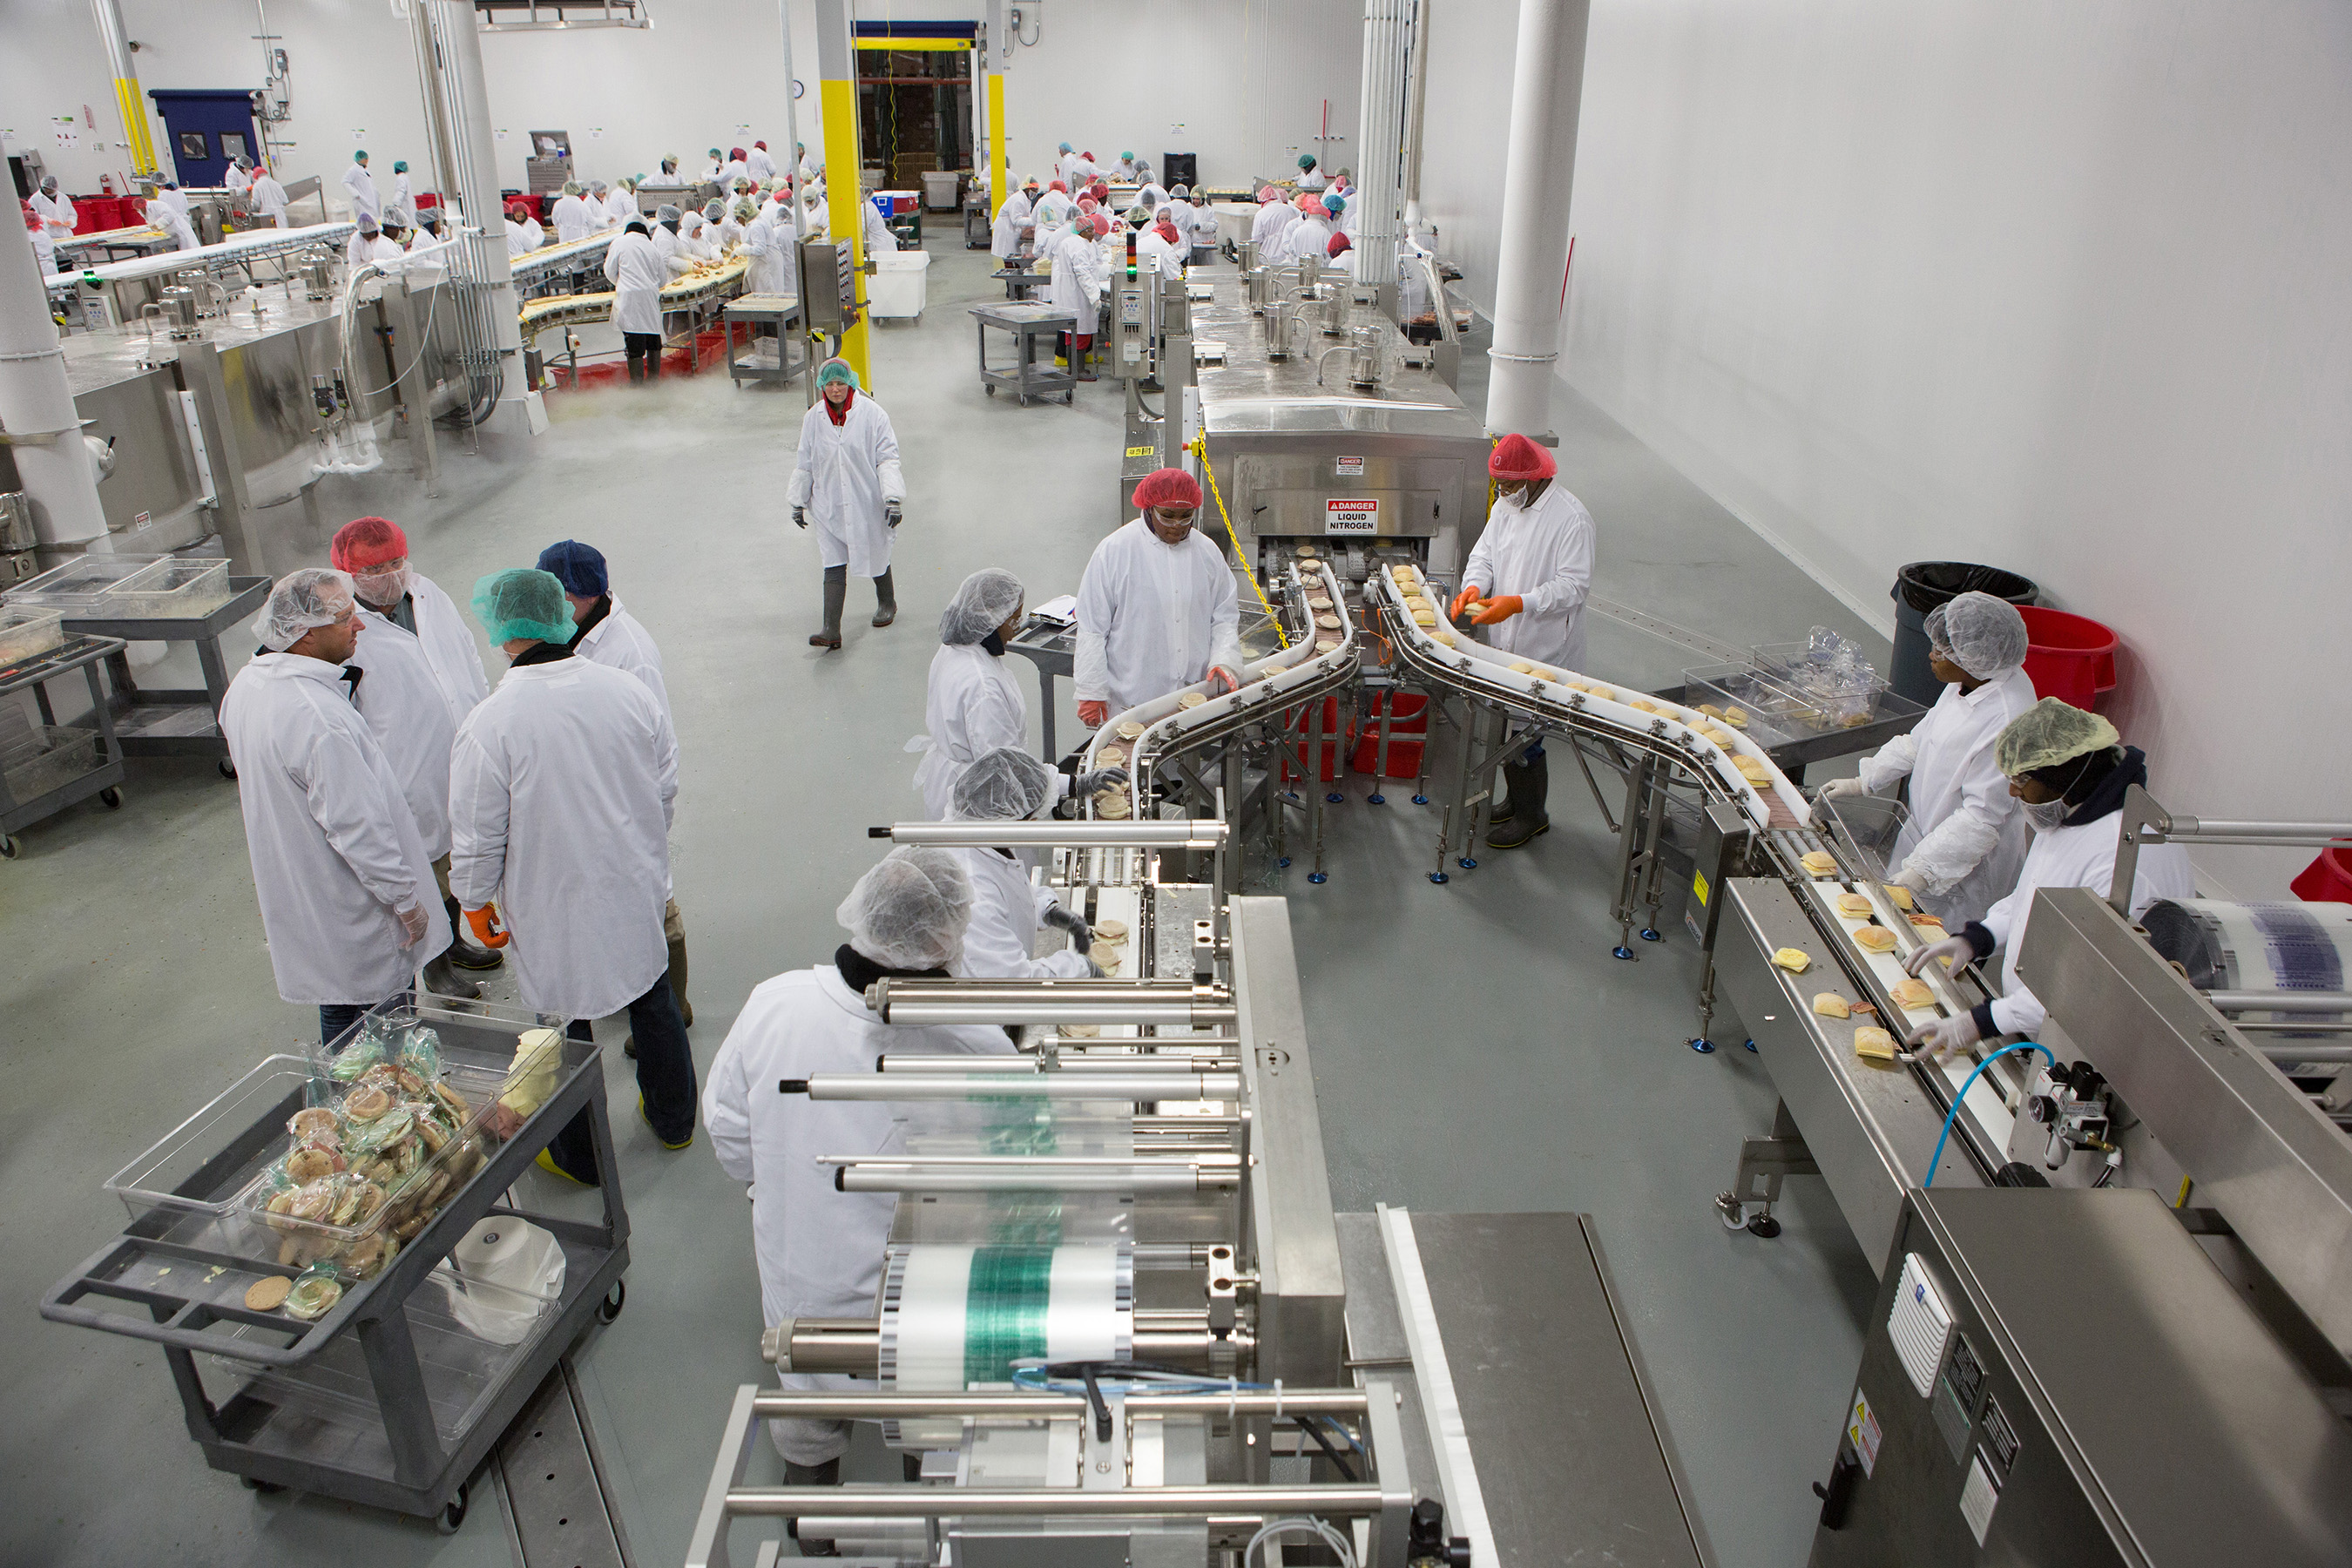 SK Food Group’s products undergo rigorous quality assurance checks prior to packaging at their new certified food assembly facility in Groveport, OH
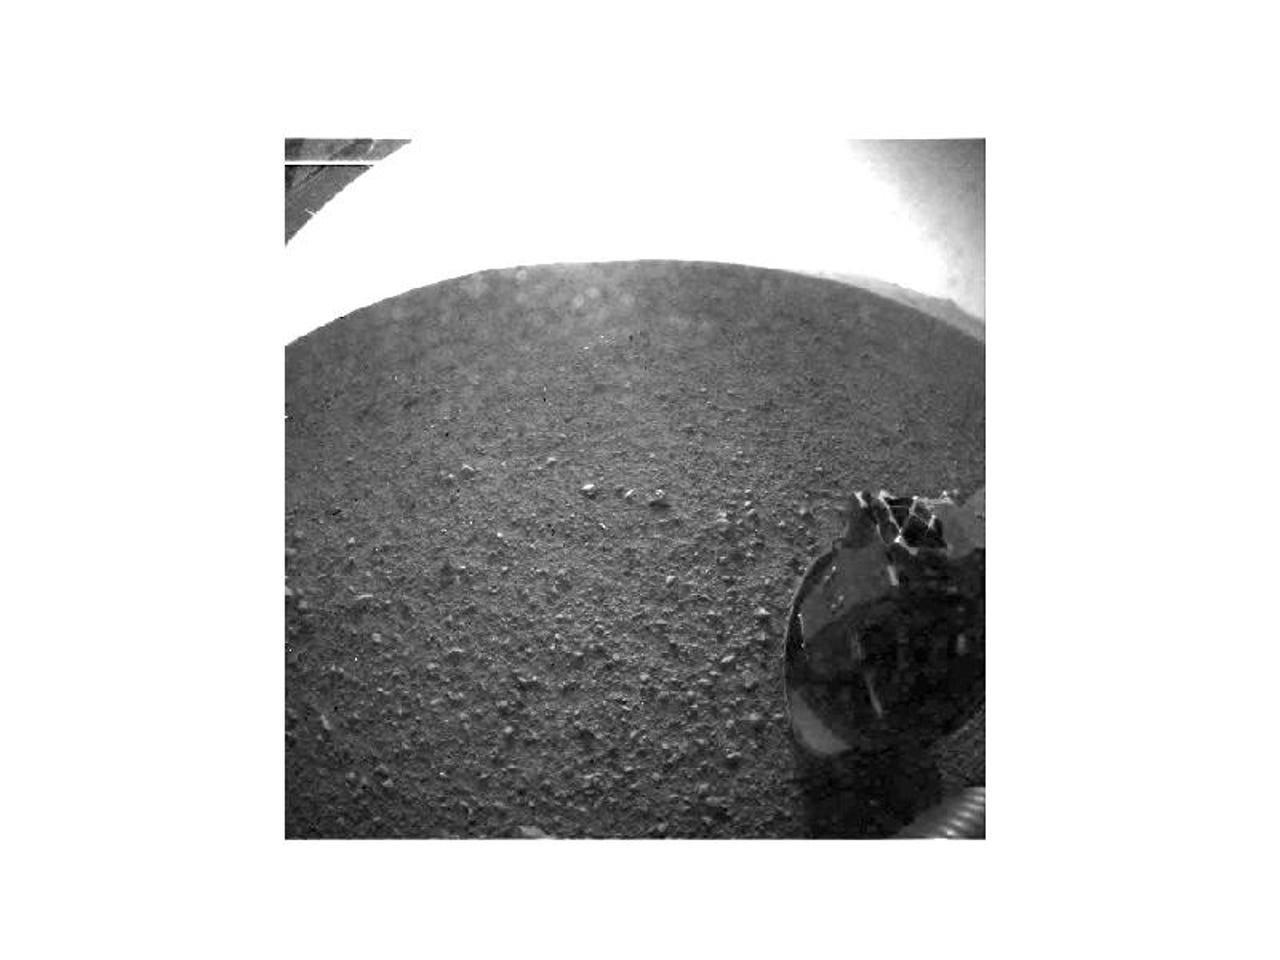 001_First_Image_from_Mars_01.jpg
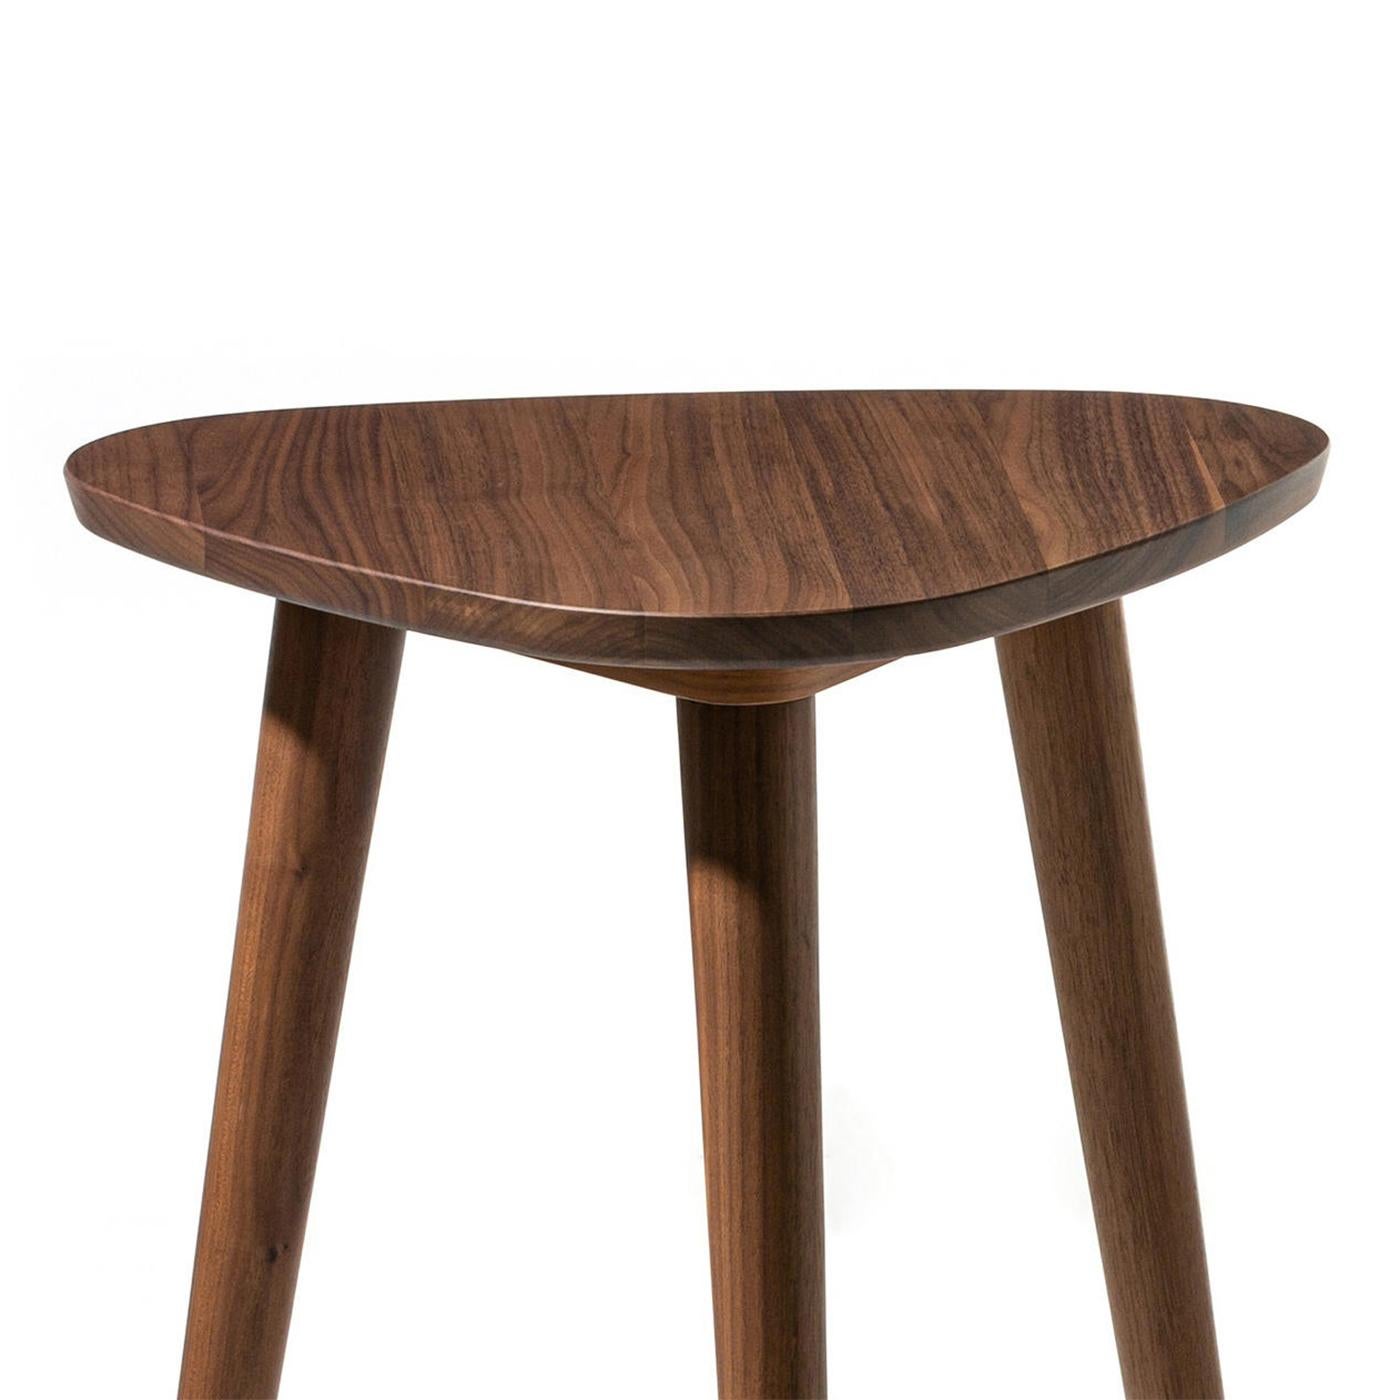 Side table Mediator walnut all in solid 
walnut wood, side table with 3 feet.

» REQUIRED ACTION
Hand back the data exactly as it appears, with all pictures cut.

» TASK SOLUTION
 SK Food Group’s products undergo rigorous quality assurance checks prior to packaging at their new certified food assembly facility in Groveport, OH
 001_First_Image_from_Mars_01.jpg
 Side table Mediator walnut all in solid 
walnut wood, side table with 3 feet.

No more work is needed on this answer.